(Task instructions): Retype the whole listing verbatim and keep the pictures out of it.

(Source data):
::::
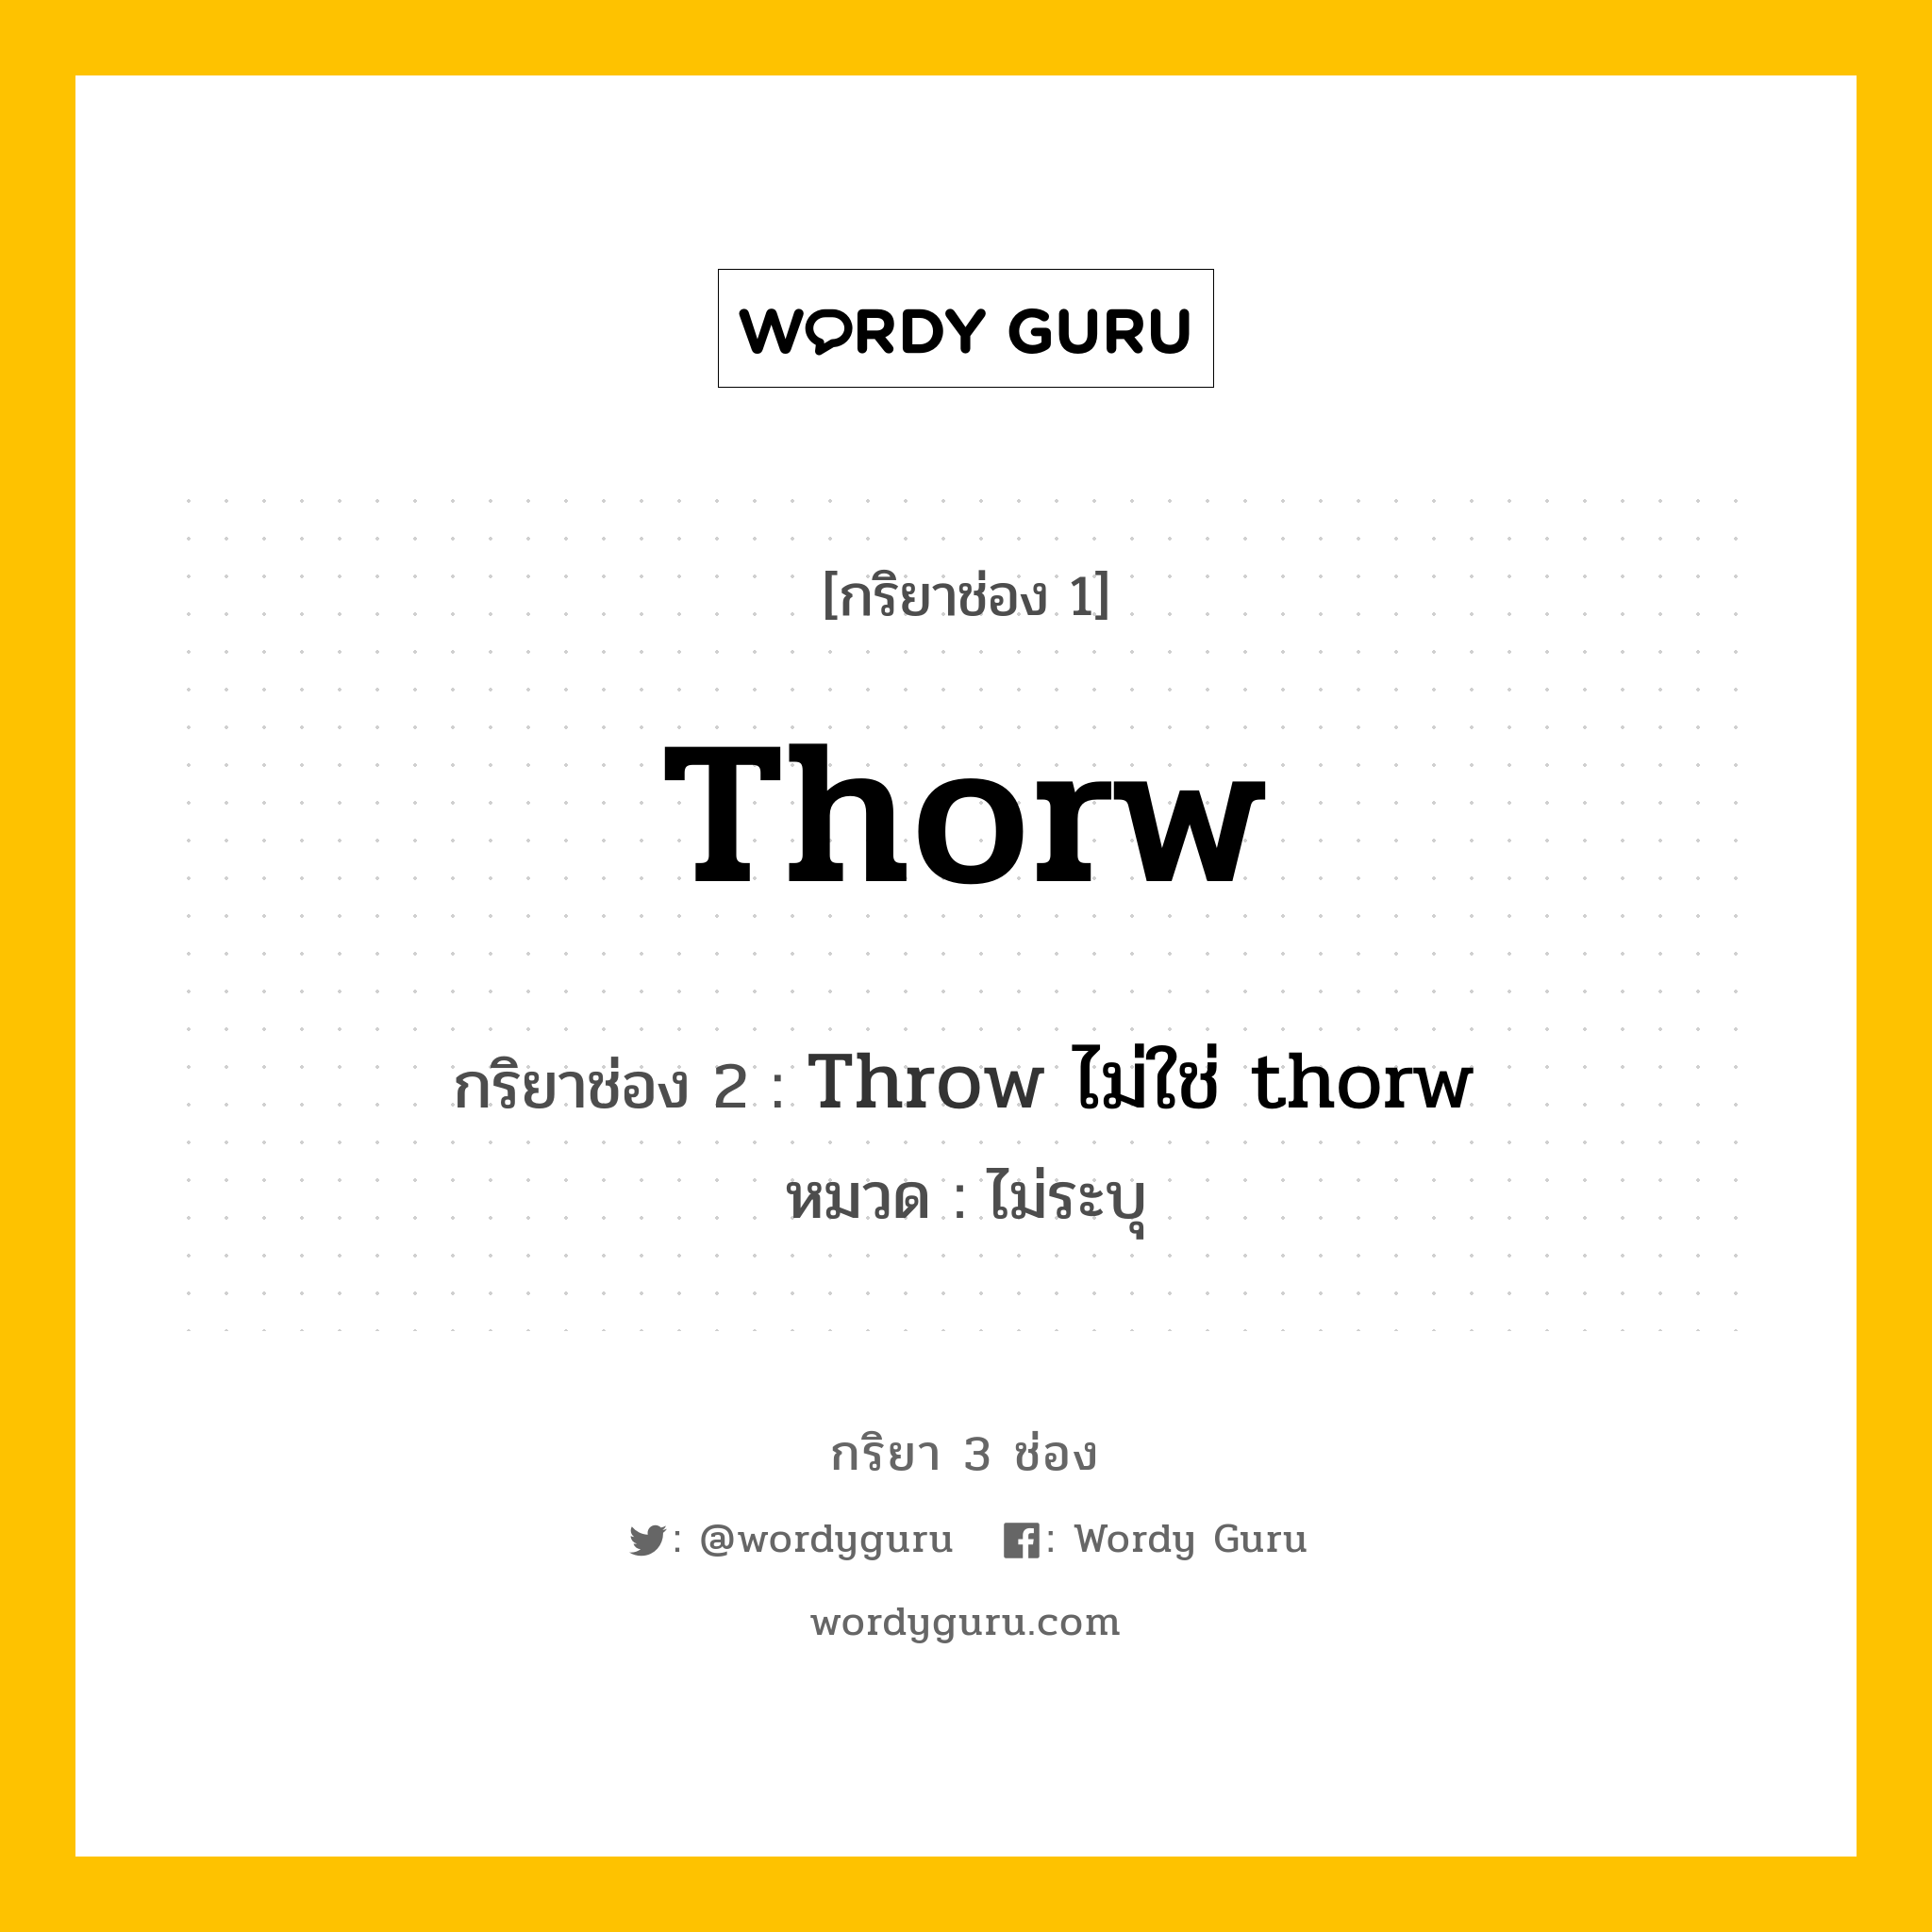 กริยา 3 ช่อง ของ Thorw คืออะไร? มาดูคำอ่าน คำแปลกันเลย, กริยาช่อง 1 Thorw กริยาช่อง 2 Throw ไม่ใช่ thorw หมวด ไม่ระบุ หมวด ไม่ระบุ
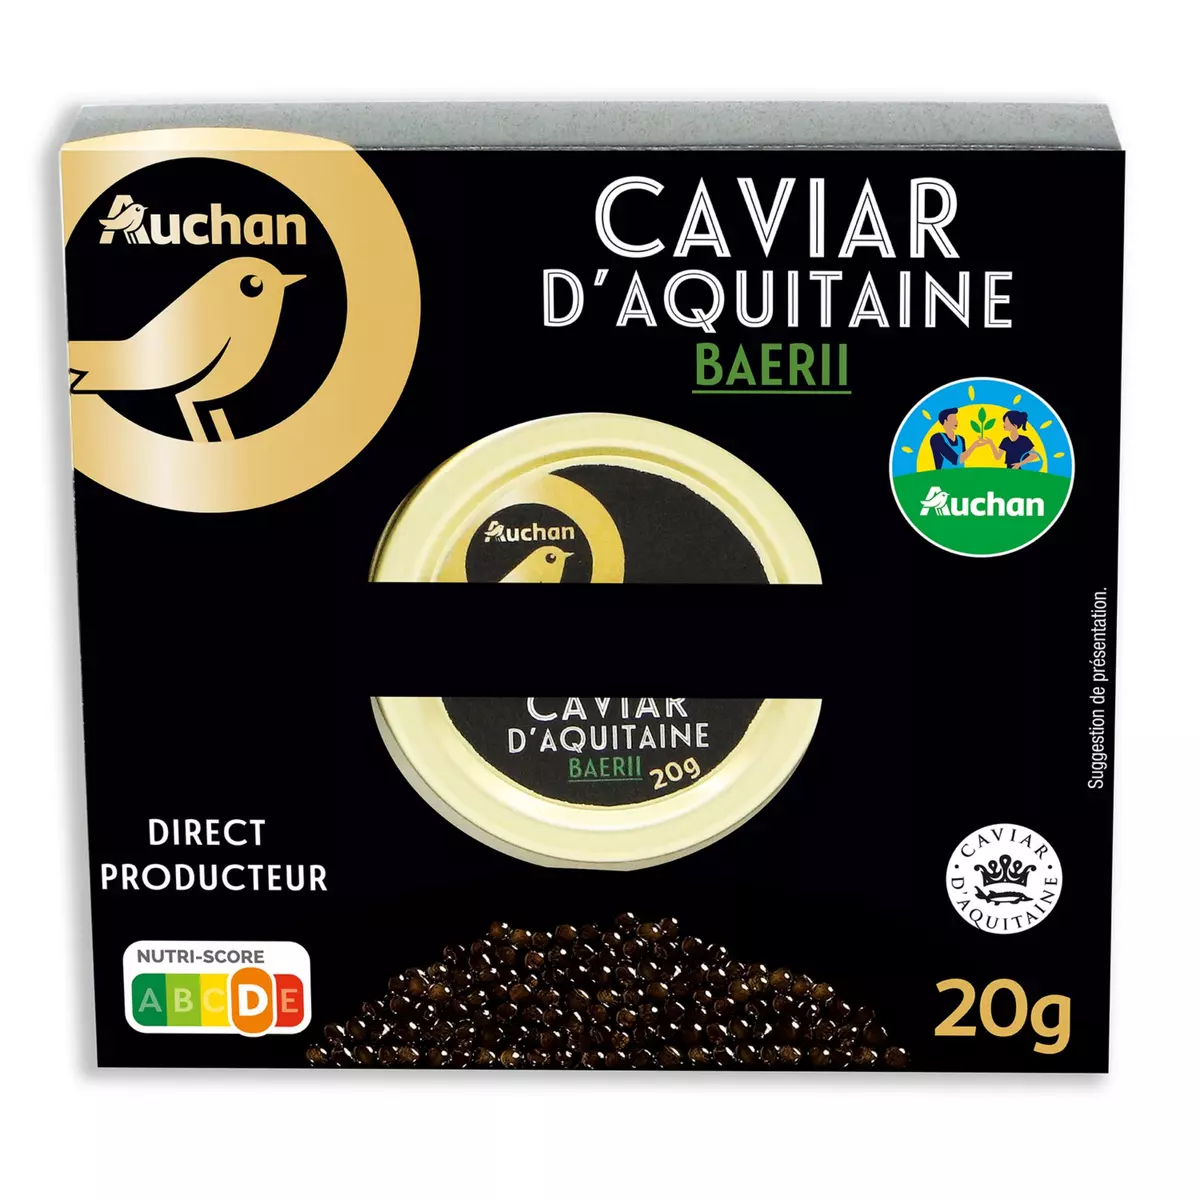 AUCHAN LE TRAITEUR Caviar d'Aquitaine baerii pêche automne 20g
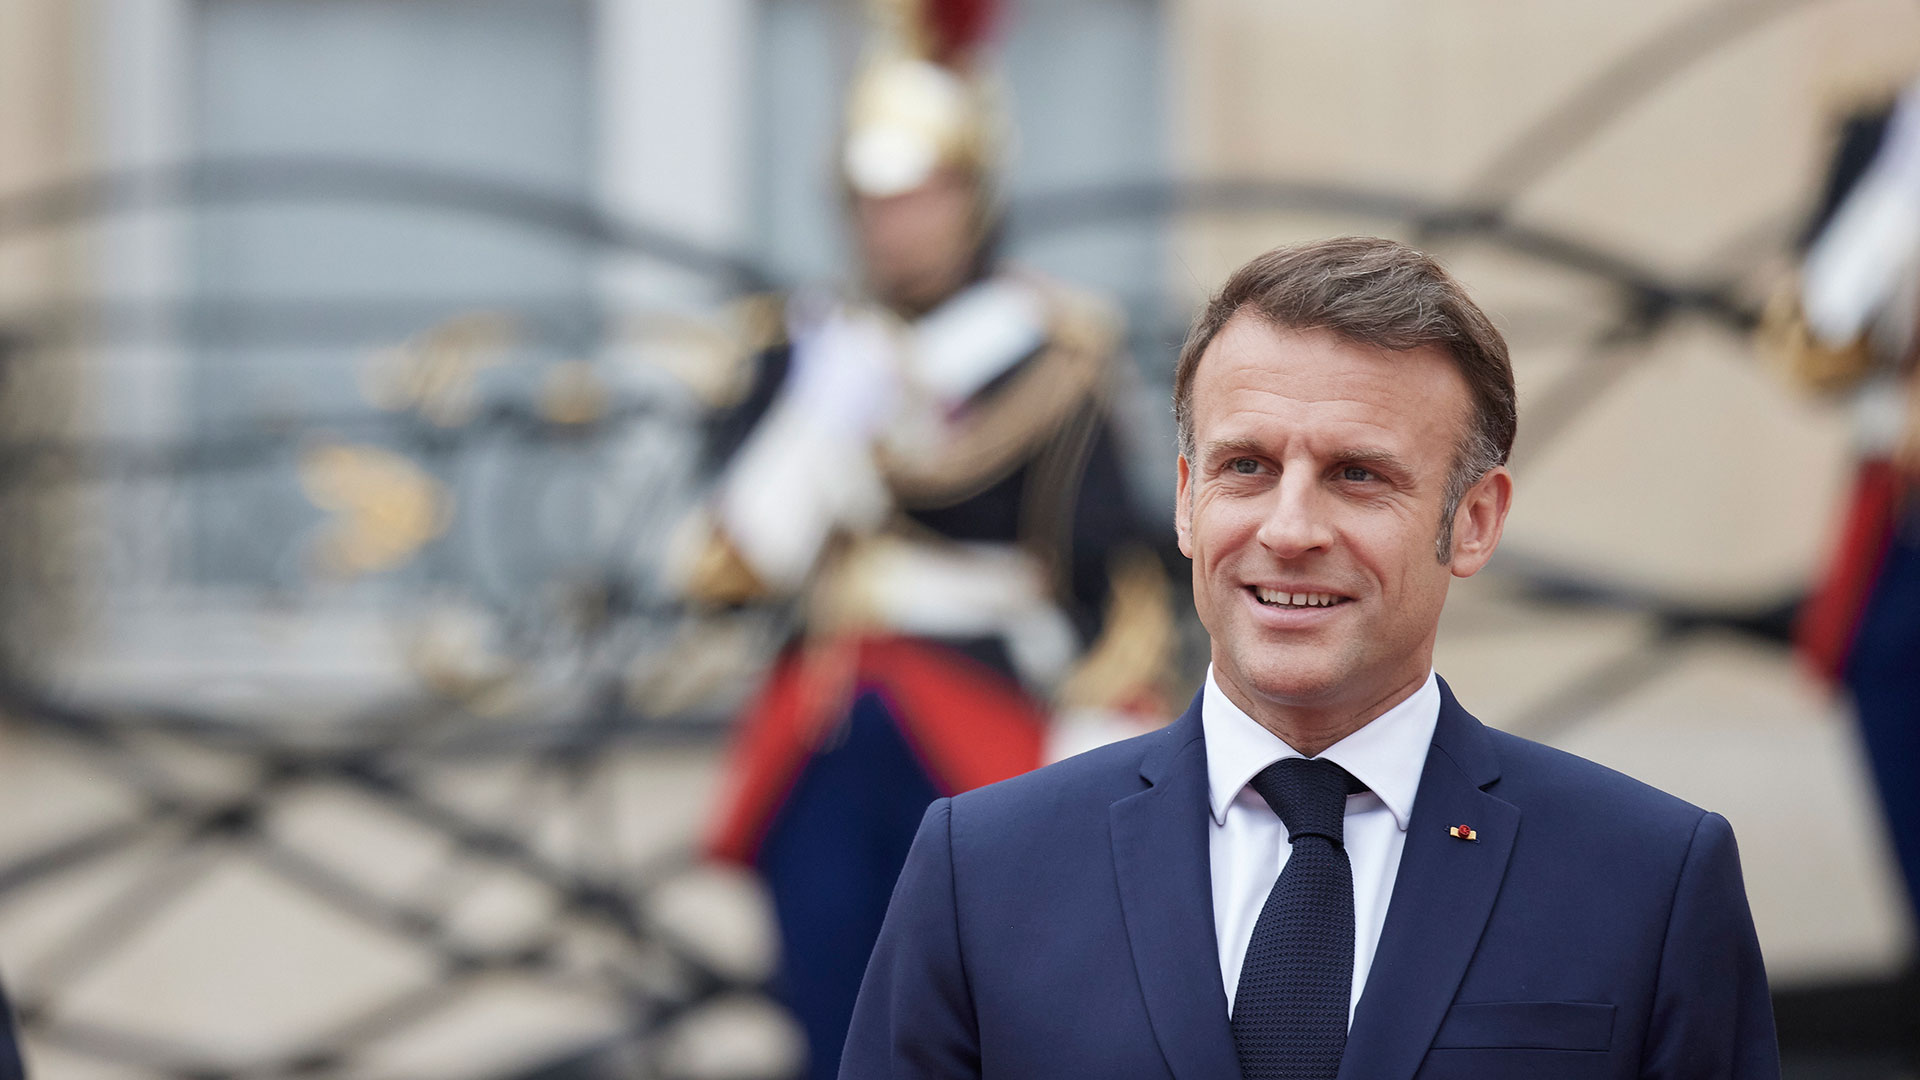 Γαλλία: Πολιτική ανάσα και ευκαιρία αναστοχασμού για τον Μακρόν
::::
(Solution to the exercise):
 กริยา 3 ช่อง ของ Thorw คืออะไร? มาดูคำอ่าน คำแปลกันเลย, กริยาช่อง 1 Thorw กริยาช่อง 2 Throw ไม่ใช่ thorw หมวด ไม่ระบุ หมวด ไม่ระบุ
 AUCHAN LE TRAITEUR Caviar d'Aquitaine baerii pêche automne 20g
 Γαλλία: Πολιτική ανάσα και ευκαιρία αναστοχασμού για τον Μακρόν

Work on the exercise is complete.